[Saved entries]
════════════════════
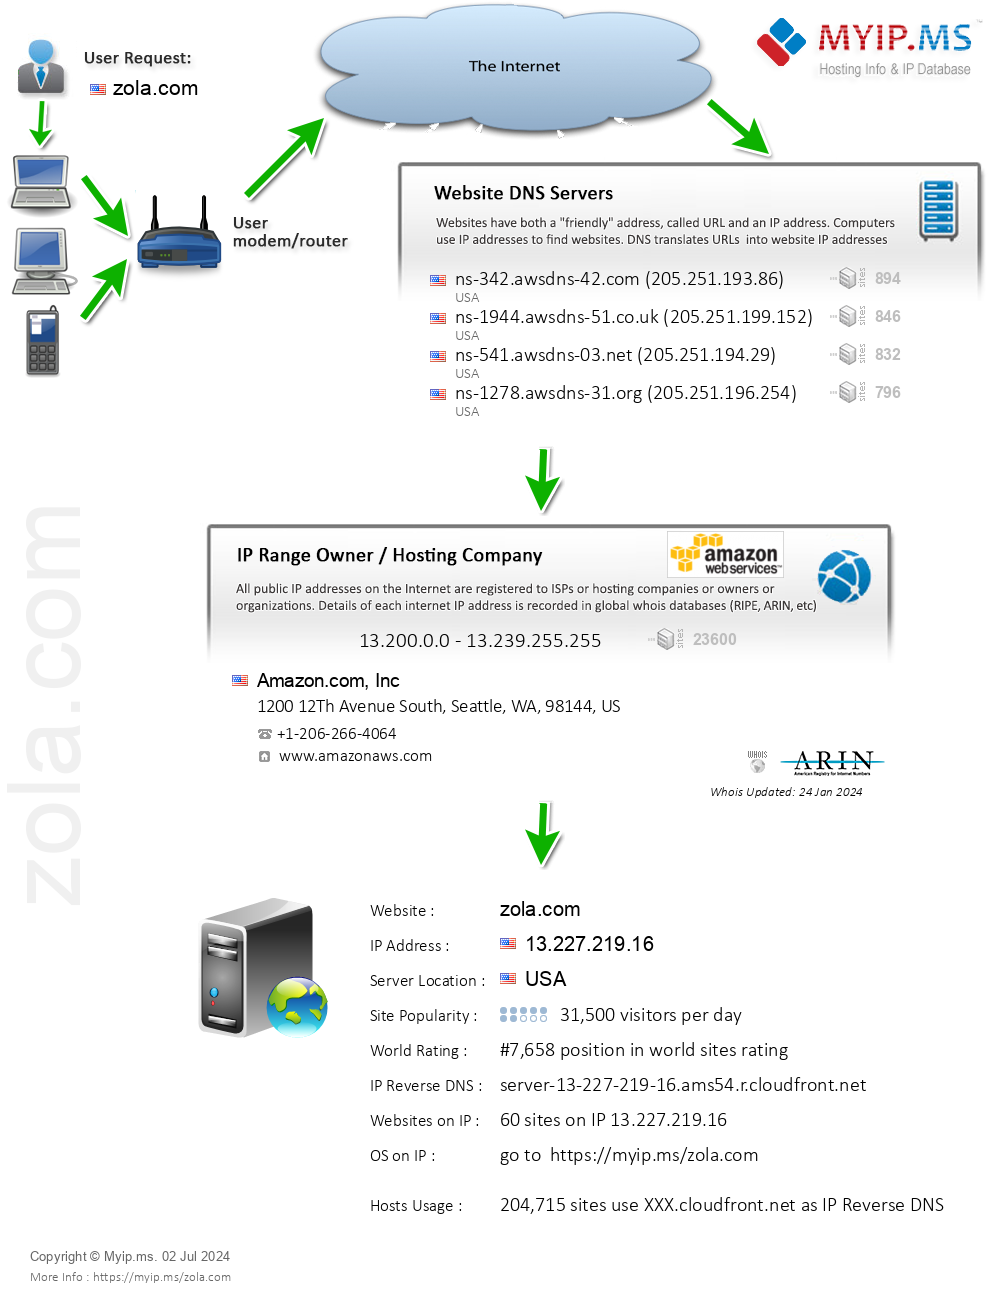 Zola.com - Website Hosting Visual IP Diagram
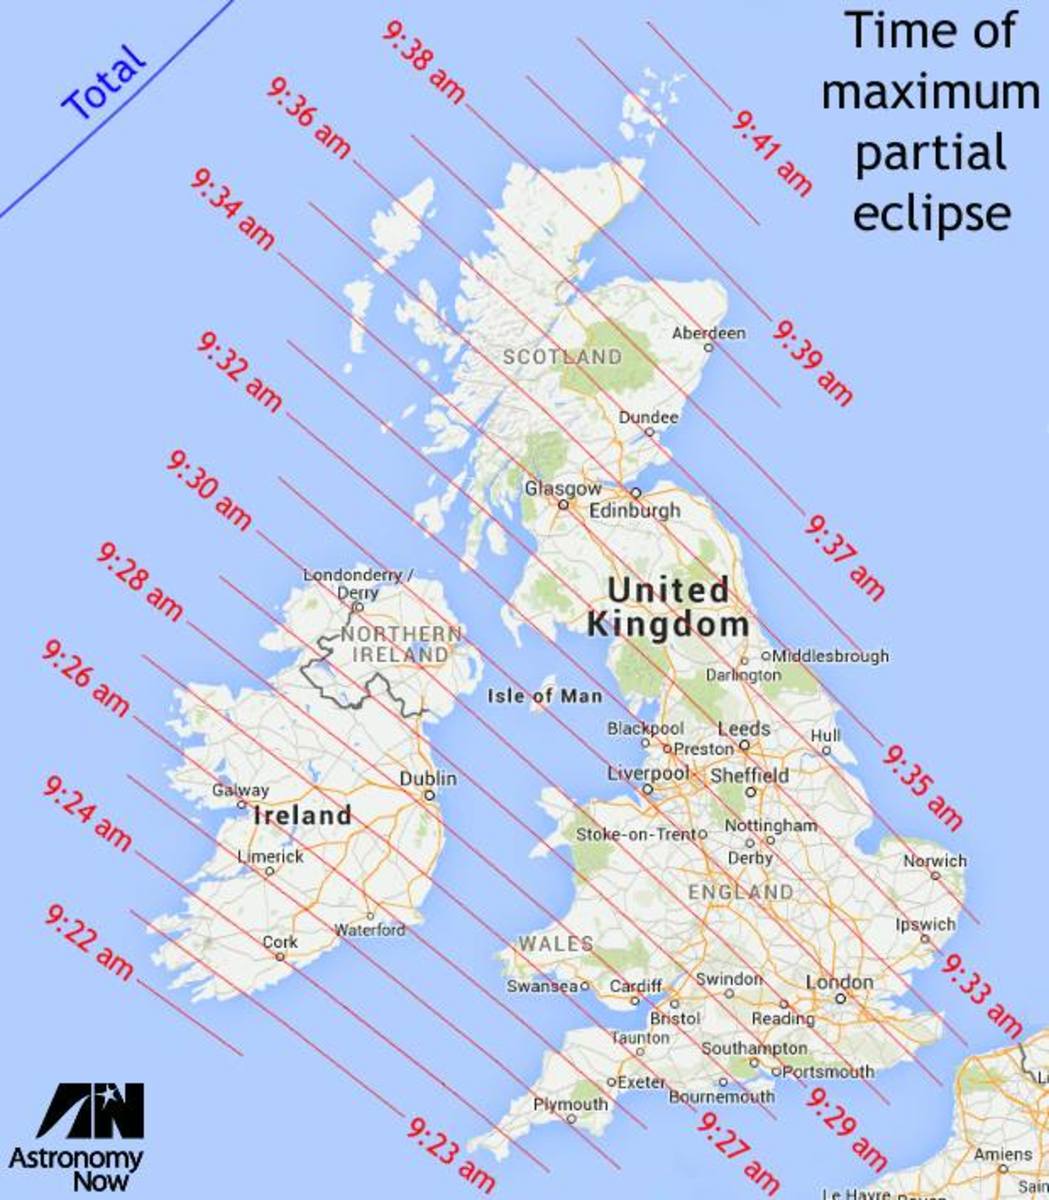 Time of maximum partial eclipse
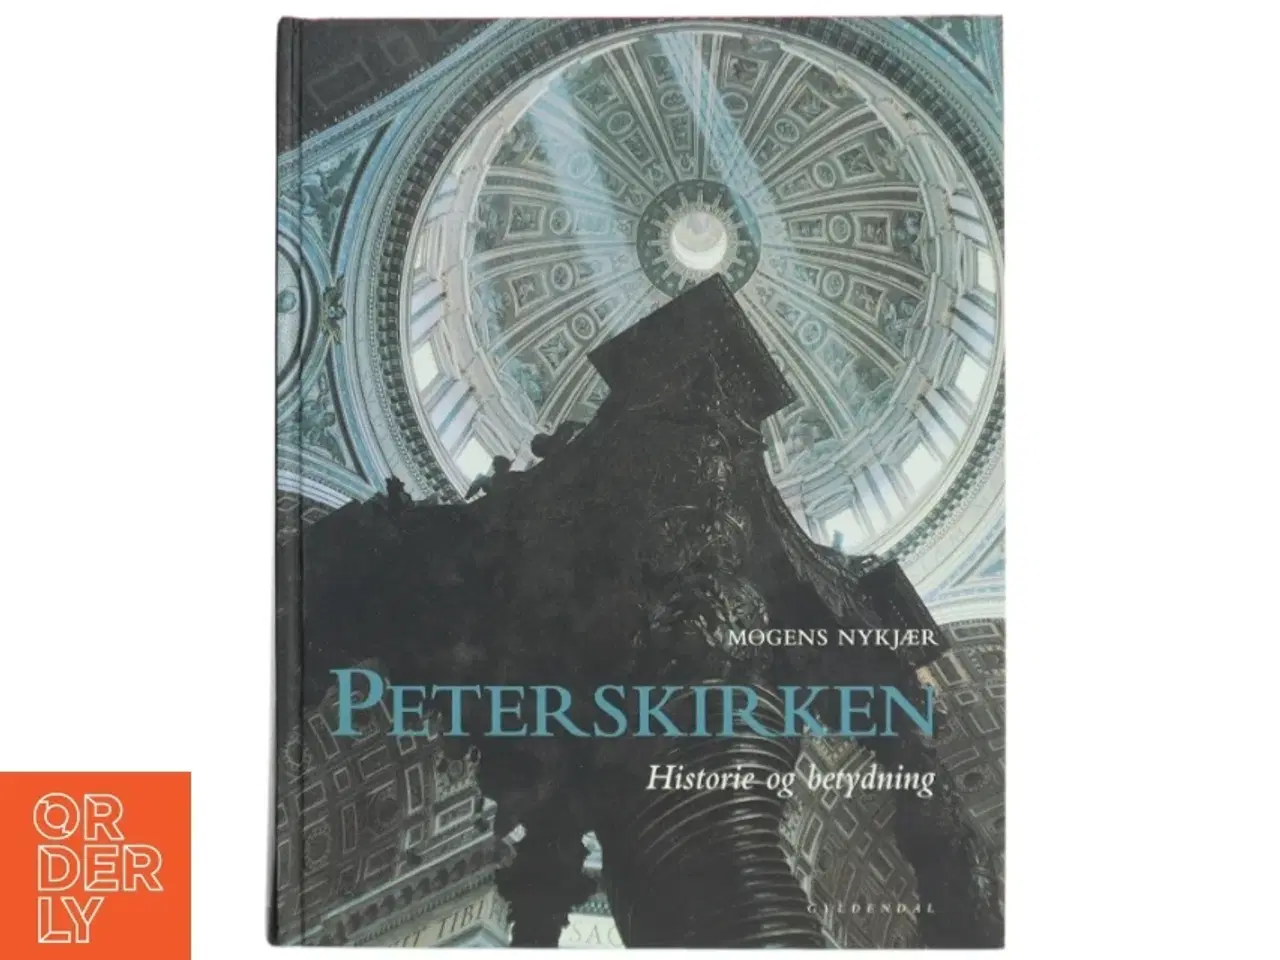 Billede 1 - 'Peterskirken: historie og betydning' af Mogens Nykjær (bog)
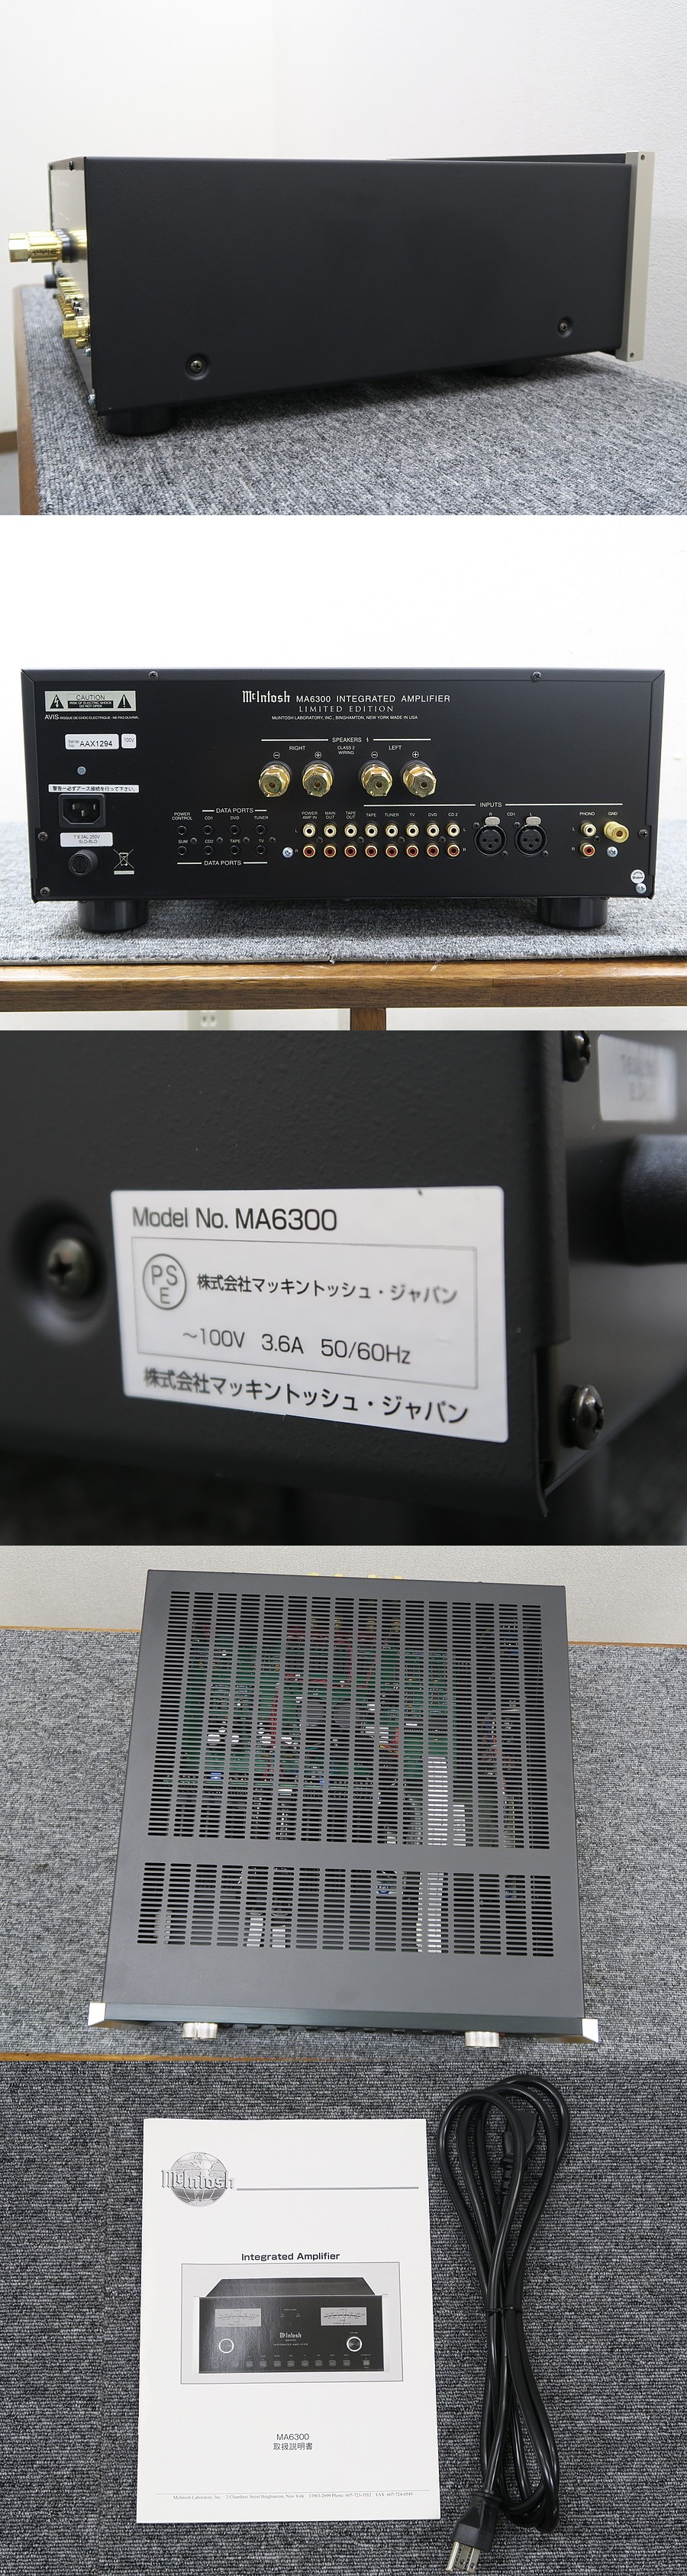 Mcintosh MA6300 LIMITED EDITION プリメインアンプ 正規輸入100V 元箱
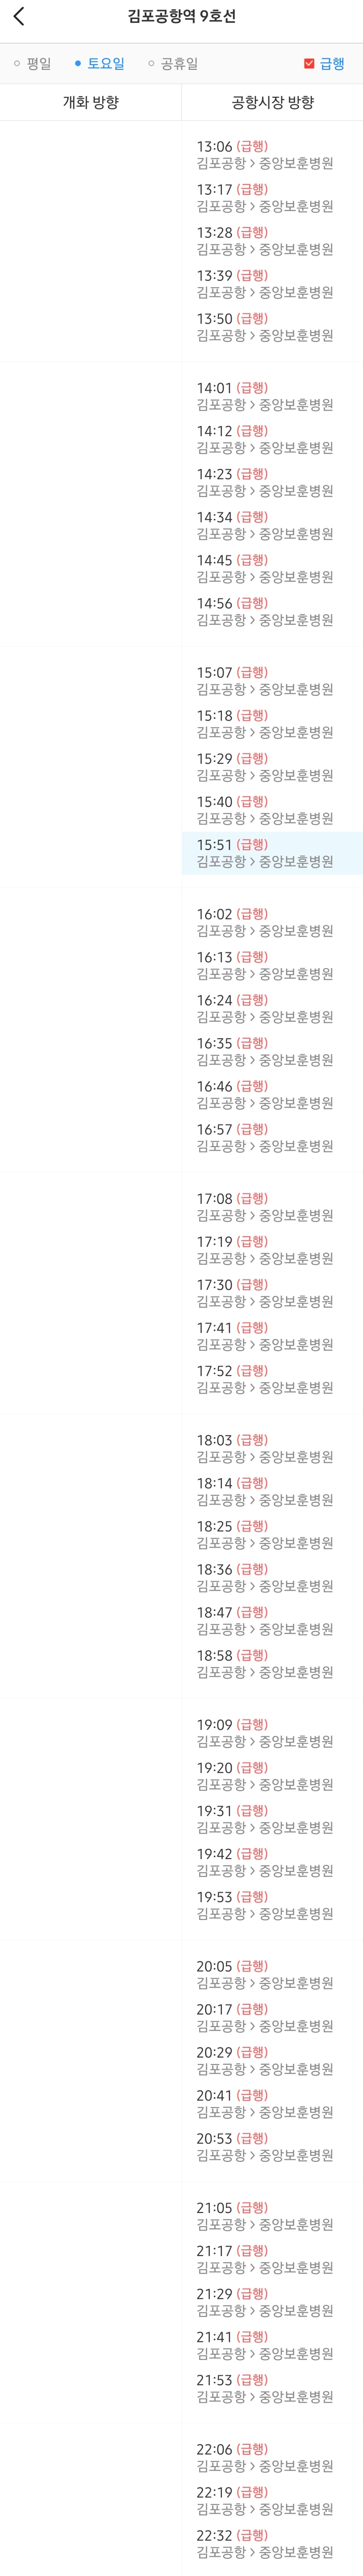 김포공항역 토요일 오후 9호선 급행열차 시간표
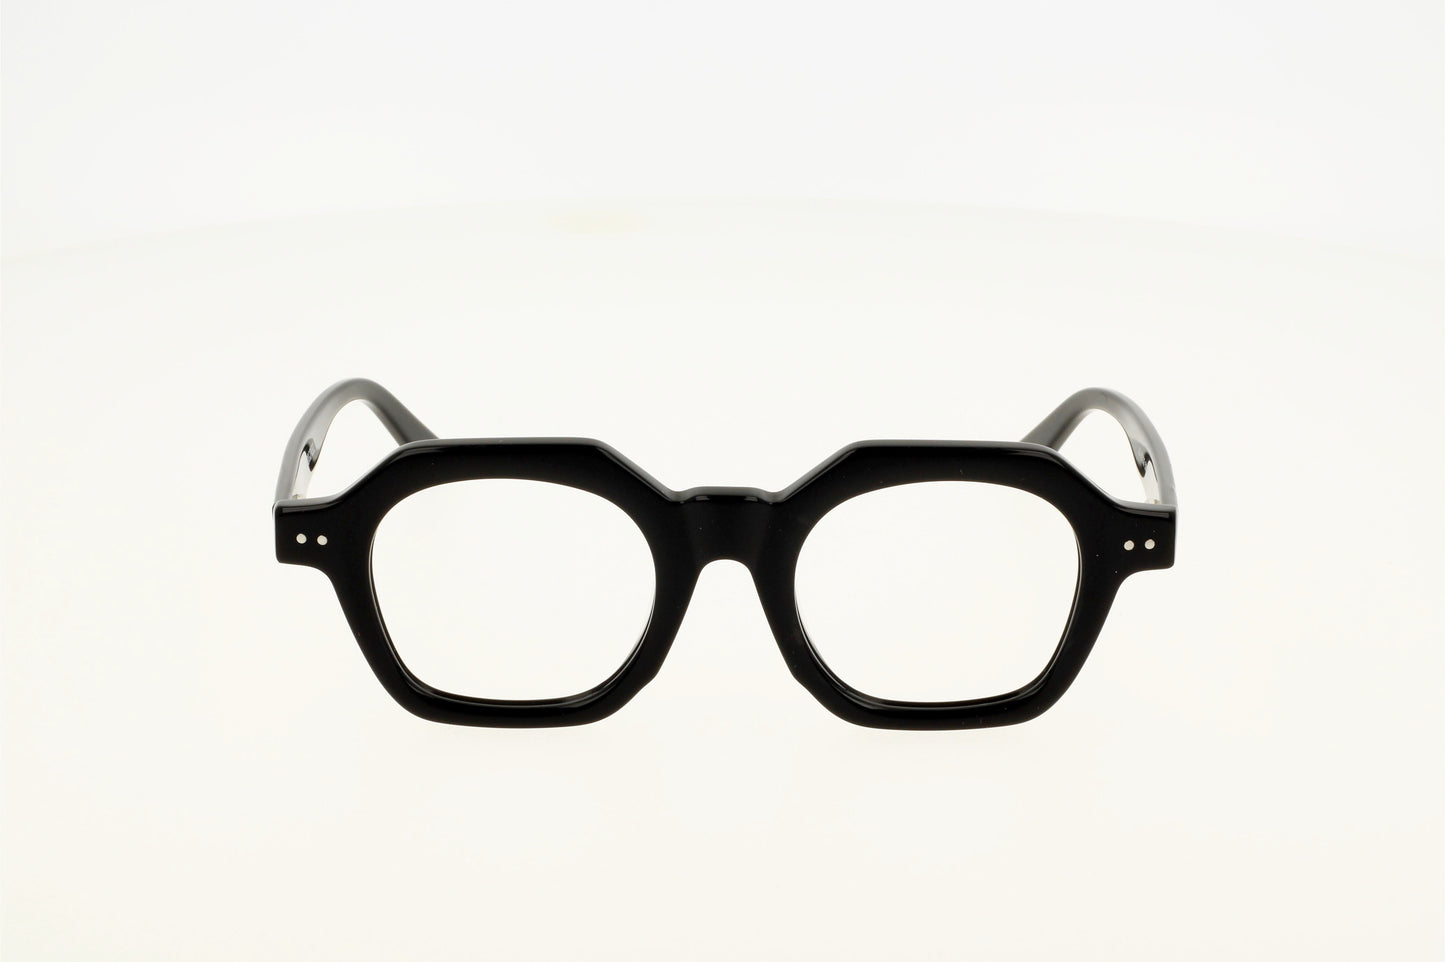 Lunette de vue en acétate noir épais ou translucide, lunette pour femme tendance et chic.
════════════════════
[Task prompt]
Beginning with the line containing "Mcintosh MA6300 LIMITED" and ending with the last line of the data above, repeat each line exactly. Include no pictures and no other lines.

[Answer section]
 Mcintosh MA6300 LIMITED EDITION プリメインアンプ 正規輸入100V 元箱
 김포공항역 토요일 오후 9호선 급행열차 시간표
 Lunette de vue en acétate noir épais ou translucide, lunette pour femme tendance et chic.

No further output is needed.